Software partnership provides hazardous material data
AccuWeather.com announced a joint partnership to share data, via a subscription service, in association with a new mobile search-and-retrieval software suite developed by the Operation Respond Institute (ORI), a not-for-profit corporation headquartered in Washington, D.C.
Dr. James Boone is ORI’s president and previously served for 27 years with the Department of Transportation’s Federal Railroad Administration, retiring in 1996. He explained first responders headed to a transportation incident need to know about potential hazard materials inside rail containers. As a result, the institute’s mission is to provide emergency responders with secure, pre-established computer links with the railroad to remotely access rail car ID and manifest records, to enable a hazmat cargo confirmation.
“Primarily, we target the first responders, the first on the scene, who need to know potentially what type of hazardous materials situation they are walking into,” Boone said.
The institute developed search-and-retrieval software that taps into manifest databases at the North American and Canadian railroads to decipher whether a rail car contains hazardous materials and to identify chemicals being transported over the railways in tank cars. The data can be viewed wirelessly via mobile computer in command vehicles, he said.

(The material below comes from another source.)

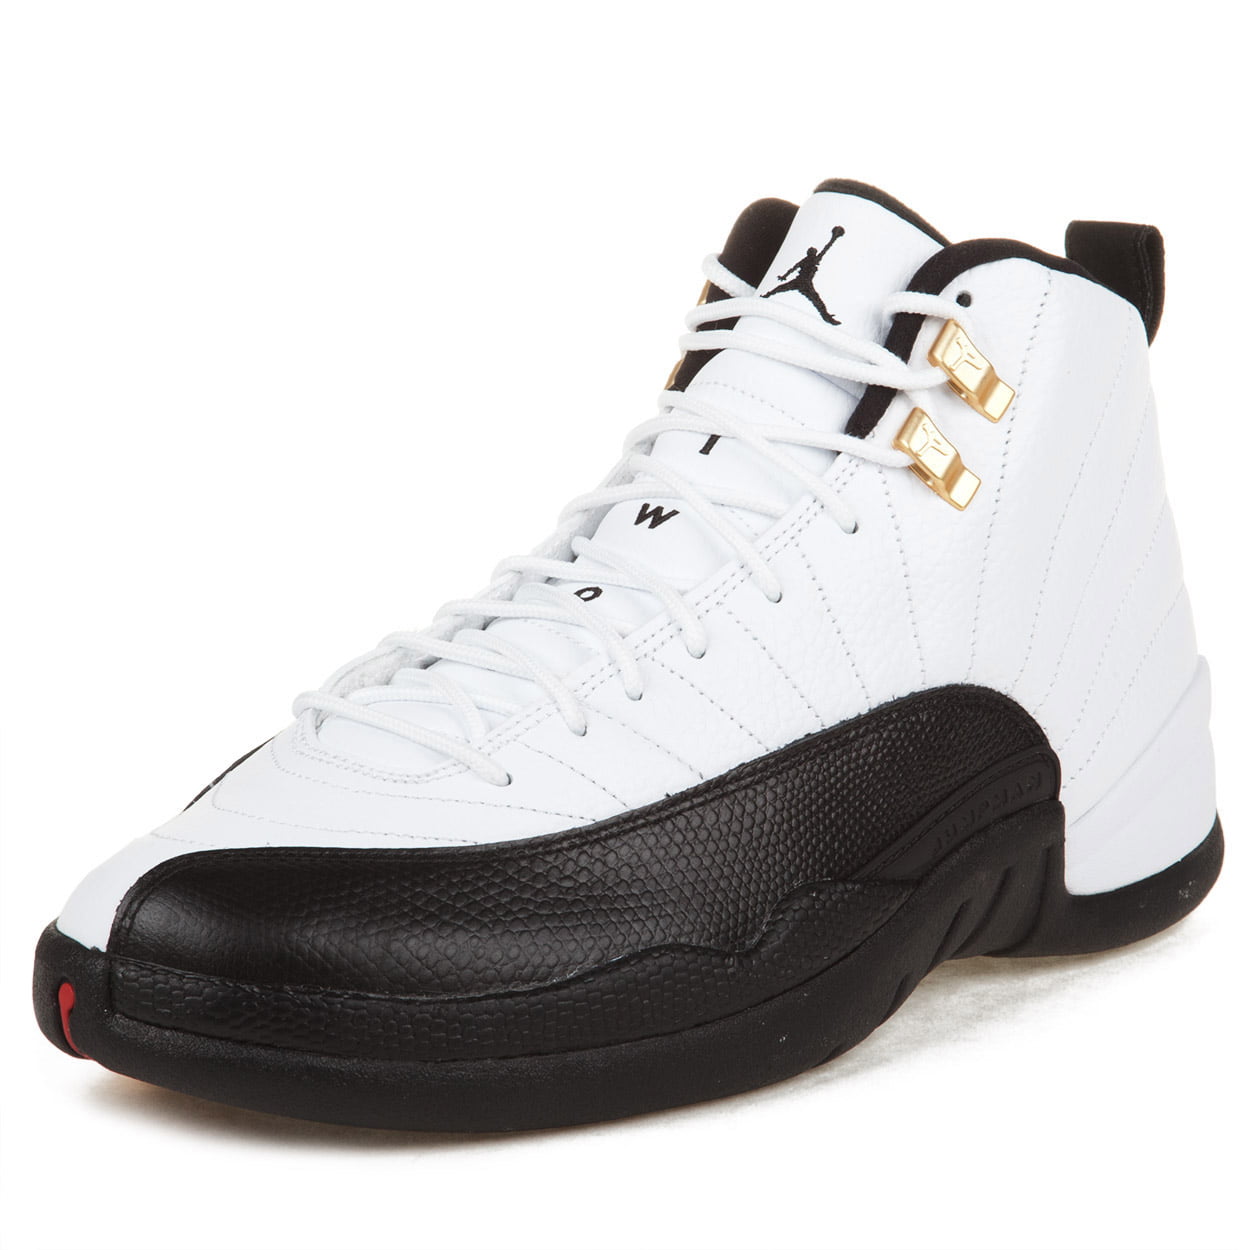 DS 1997 OG Nike Air Jordan 12 Taxi 130690-101 Vintage White/Black Size 12
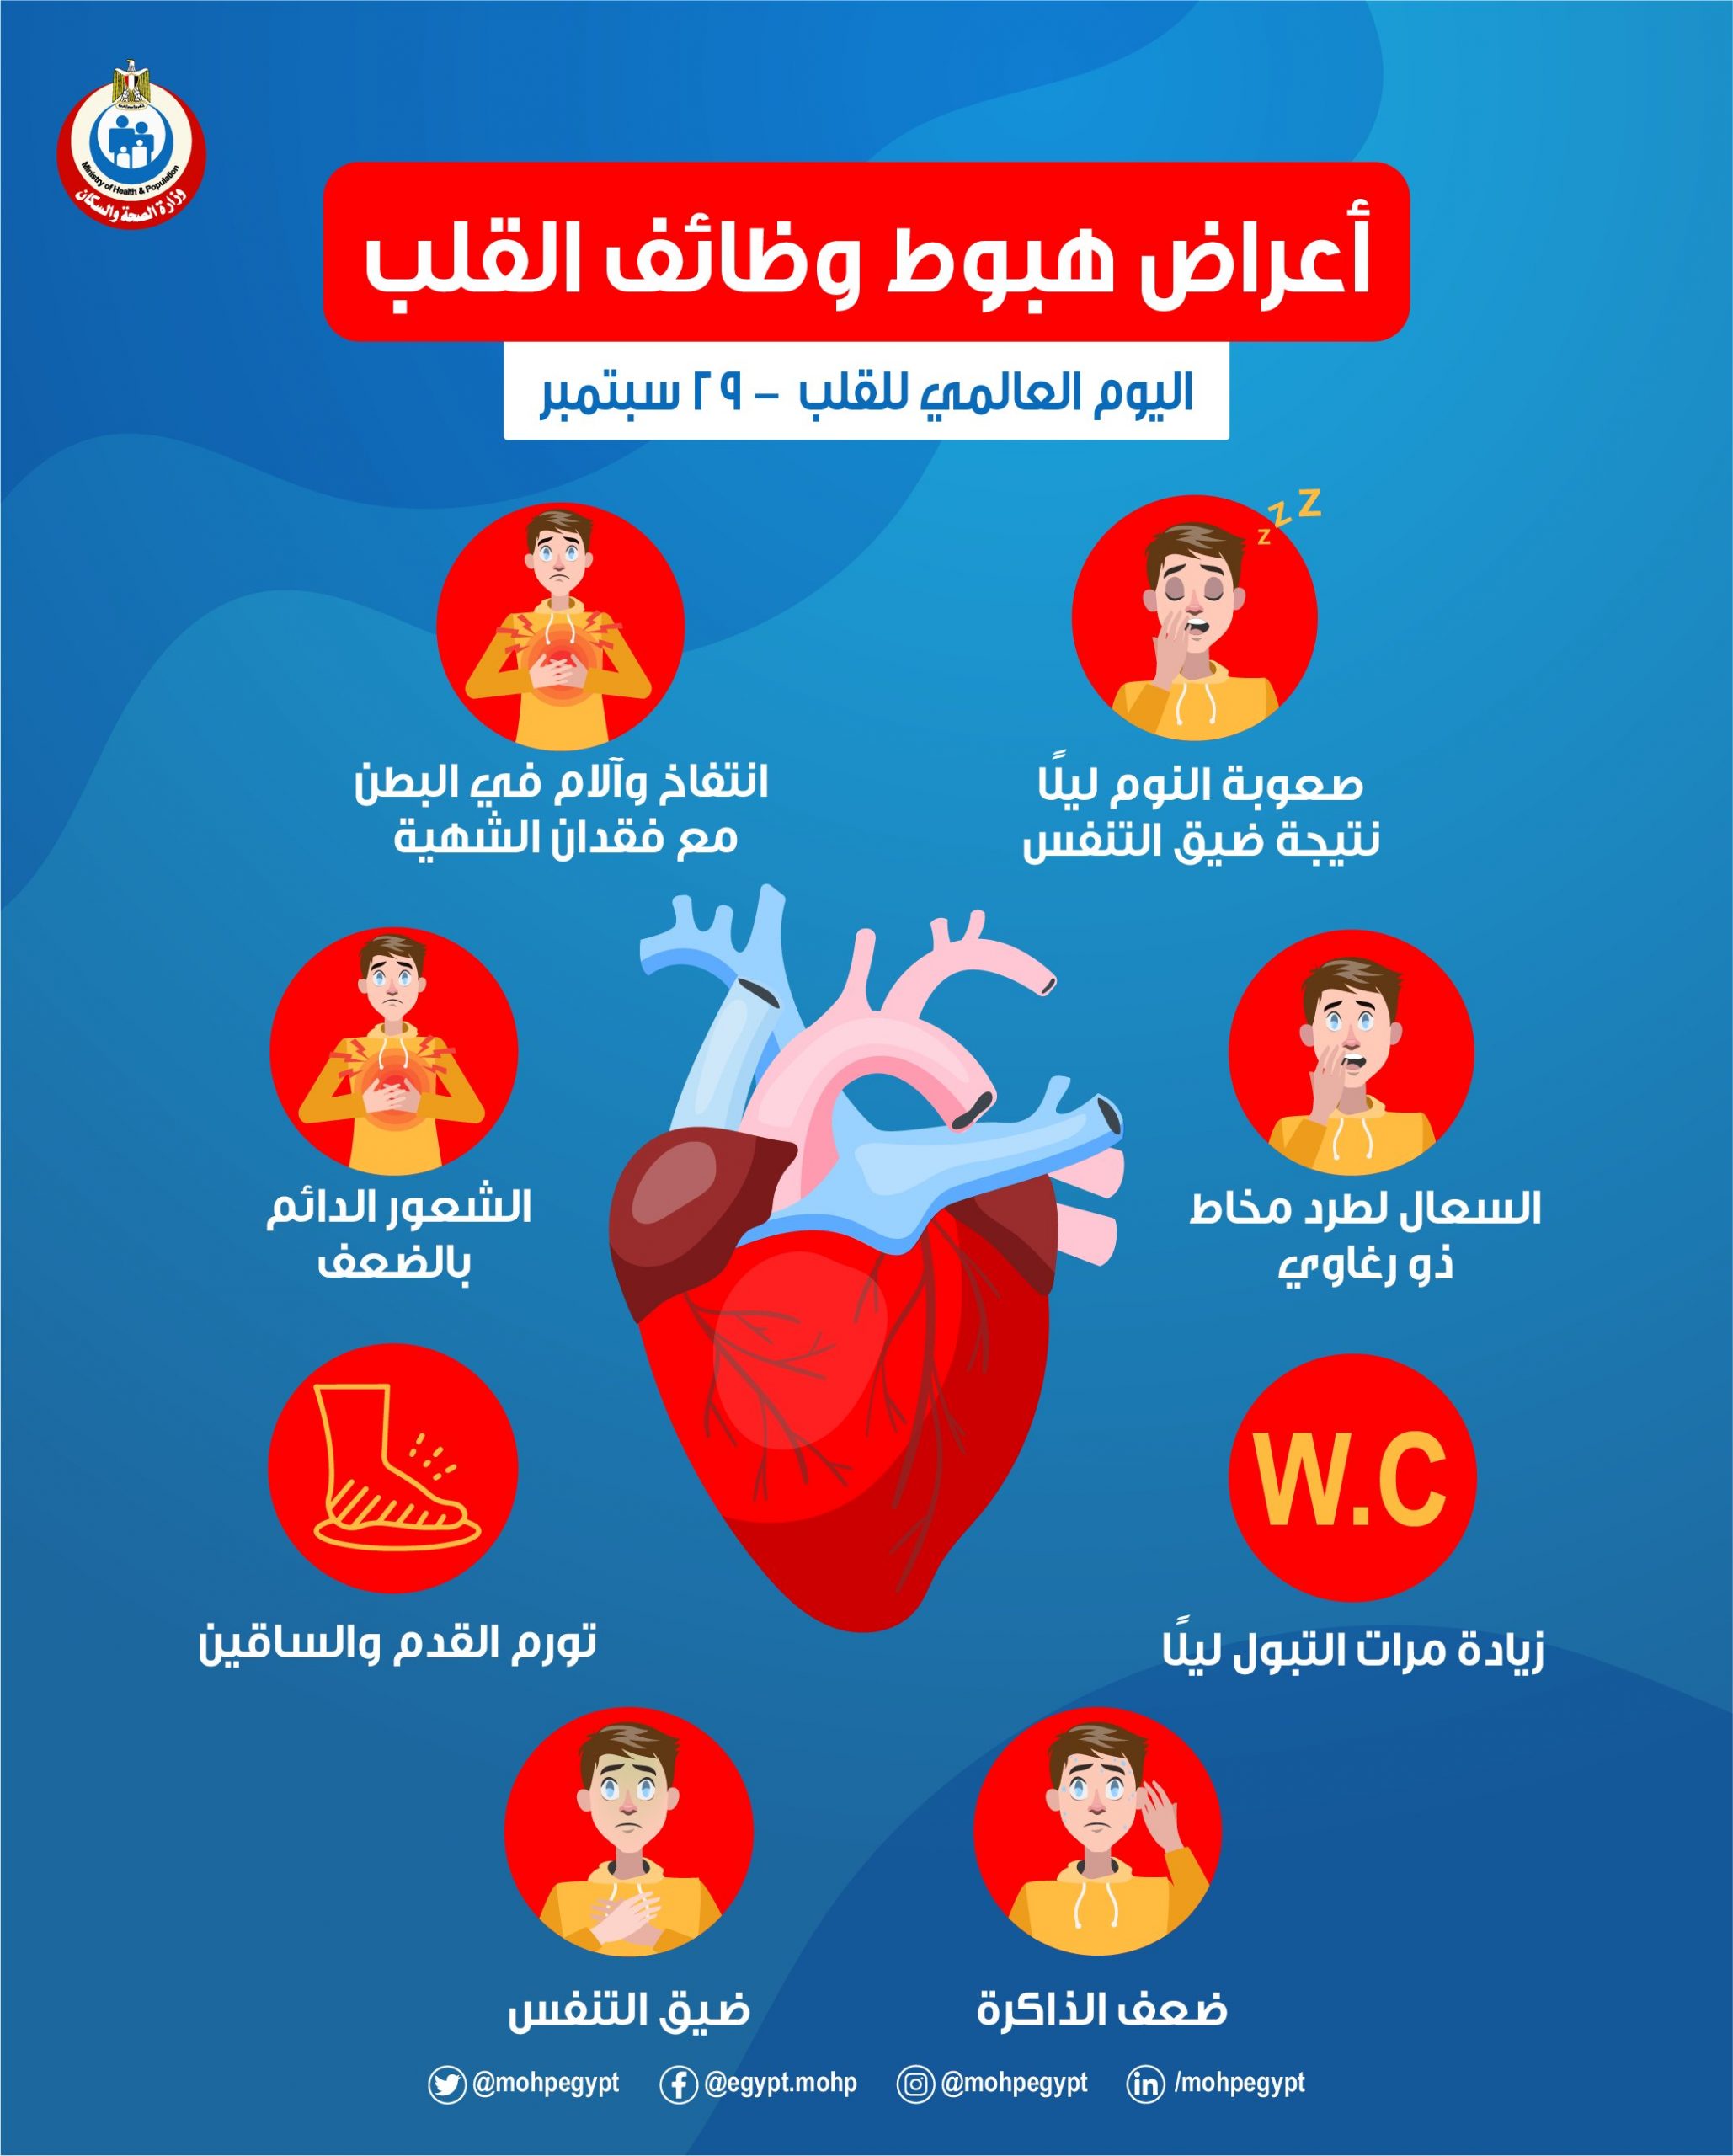 8 علامات تشير إلى هبوط وظائف القلب.. توجه إلى المستشفى فوراً

“In other words, it localizes and immediately identifies what the hazard is and, better yet, it begins to tell you what to do about it,” he said. “It could be mobile in the sense a lot of squads have laptops it runs on.”
That information is combined with AccuWeather.com’s mobile weather application, Premium V4, which provides localized information such as temperatures, wind speeds, humidity levels, and severe weather warnings. Such data are useful for hazmat incidents and other public-safety activities, said Boone. For example, should a chemical incident occur, information such as wind direction helps first responders identify areas of evacuation and other operational issues.
“We believe there are two major factors in every hazardous material incident: knowing what you are dealing with and weather conditions,” Boone said. “The ability to have pinpoint environmental conditions and merging those two together we think has resulted in a unique capability for the emergency-response community.”